(Saved entries)
=======

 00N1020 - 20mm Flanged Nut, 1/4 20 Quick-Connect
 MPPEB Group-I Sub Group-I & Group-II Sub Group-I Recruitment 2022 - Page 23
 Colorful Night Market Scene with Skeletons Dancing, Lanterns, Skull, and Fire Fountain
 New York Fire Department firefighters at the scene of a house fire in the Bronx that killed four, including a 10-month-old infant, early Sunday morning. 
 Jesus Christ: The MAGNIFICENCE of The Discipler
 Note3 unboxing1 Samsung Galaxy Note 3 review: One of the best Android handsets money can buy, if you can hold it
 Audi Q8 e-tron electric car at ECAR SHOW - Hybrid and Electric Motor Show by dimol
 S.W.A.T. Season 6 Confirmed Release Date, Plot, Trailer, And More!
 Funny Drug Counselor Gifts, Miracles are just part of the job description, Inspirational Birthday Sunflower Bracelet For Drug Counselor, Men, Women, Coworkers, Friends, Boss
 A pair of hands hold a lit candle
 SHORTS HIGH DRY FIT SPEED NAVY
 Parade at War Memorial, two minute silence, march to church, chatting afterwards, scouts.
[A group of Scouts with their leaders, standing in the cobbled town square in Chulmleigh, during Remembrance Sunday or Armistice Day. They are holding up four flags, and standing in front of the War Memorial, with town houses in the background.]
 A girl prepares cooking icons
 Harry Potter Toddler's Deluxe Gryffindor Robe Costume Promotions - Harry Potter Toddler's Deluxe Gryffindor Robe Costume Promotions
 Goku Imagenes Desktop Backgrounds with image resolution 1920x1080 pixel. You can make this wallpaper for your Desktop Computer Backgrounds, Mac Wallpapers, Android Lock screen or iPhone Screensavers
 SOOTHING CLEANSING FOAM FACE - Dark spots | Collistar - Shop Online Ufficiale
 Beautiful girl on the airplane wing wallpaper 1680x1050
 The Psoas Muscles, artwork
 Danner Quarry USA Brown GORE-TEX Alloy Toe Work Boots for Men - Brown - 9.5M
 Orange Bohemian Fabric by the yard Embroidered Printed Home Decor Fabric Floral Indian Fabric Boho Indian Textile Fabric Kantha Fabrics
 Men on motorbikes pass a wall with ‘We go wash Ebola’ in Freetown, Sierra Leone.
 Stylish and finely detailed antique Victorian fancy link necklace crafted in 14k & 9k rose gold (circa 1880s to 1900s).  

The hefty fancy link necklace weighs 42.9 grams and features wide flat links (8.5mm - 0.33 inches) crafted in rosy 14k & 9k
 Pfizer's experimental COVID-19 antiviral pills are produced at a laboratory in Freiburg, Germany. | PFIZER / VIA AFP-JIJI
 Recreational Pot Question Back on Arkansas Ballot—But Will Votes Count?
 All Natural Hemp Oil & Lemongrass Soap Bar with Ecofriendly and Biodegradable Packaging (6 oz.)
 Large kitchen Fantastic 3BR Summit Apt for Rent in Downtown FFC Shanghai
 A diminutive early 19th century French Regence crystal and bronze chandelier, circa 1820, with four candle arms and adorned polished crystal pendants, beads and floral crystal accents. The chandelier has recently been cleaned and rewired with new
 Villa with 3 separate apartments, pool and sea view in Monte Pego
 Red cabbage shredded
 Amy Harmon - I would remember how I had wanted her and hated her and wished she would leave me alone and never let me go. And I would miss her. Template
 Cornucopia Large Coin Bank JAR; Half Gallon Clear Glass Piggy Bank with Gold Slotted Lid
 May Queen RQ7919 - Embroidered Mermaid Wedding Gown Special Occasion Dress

=======

TASK ITEM:
Check each line above for the string "Memorial" and report how many lines have it, giving only the number.

WRITTEN RESPONSE:
2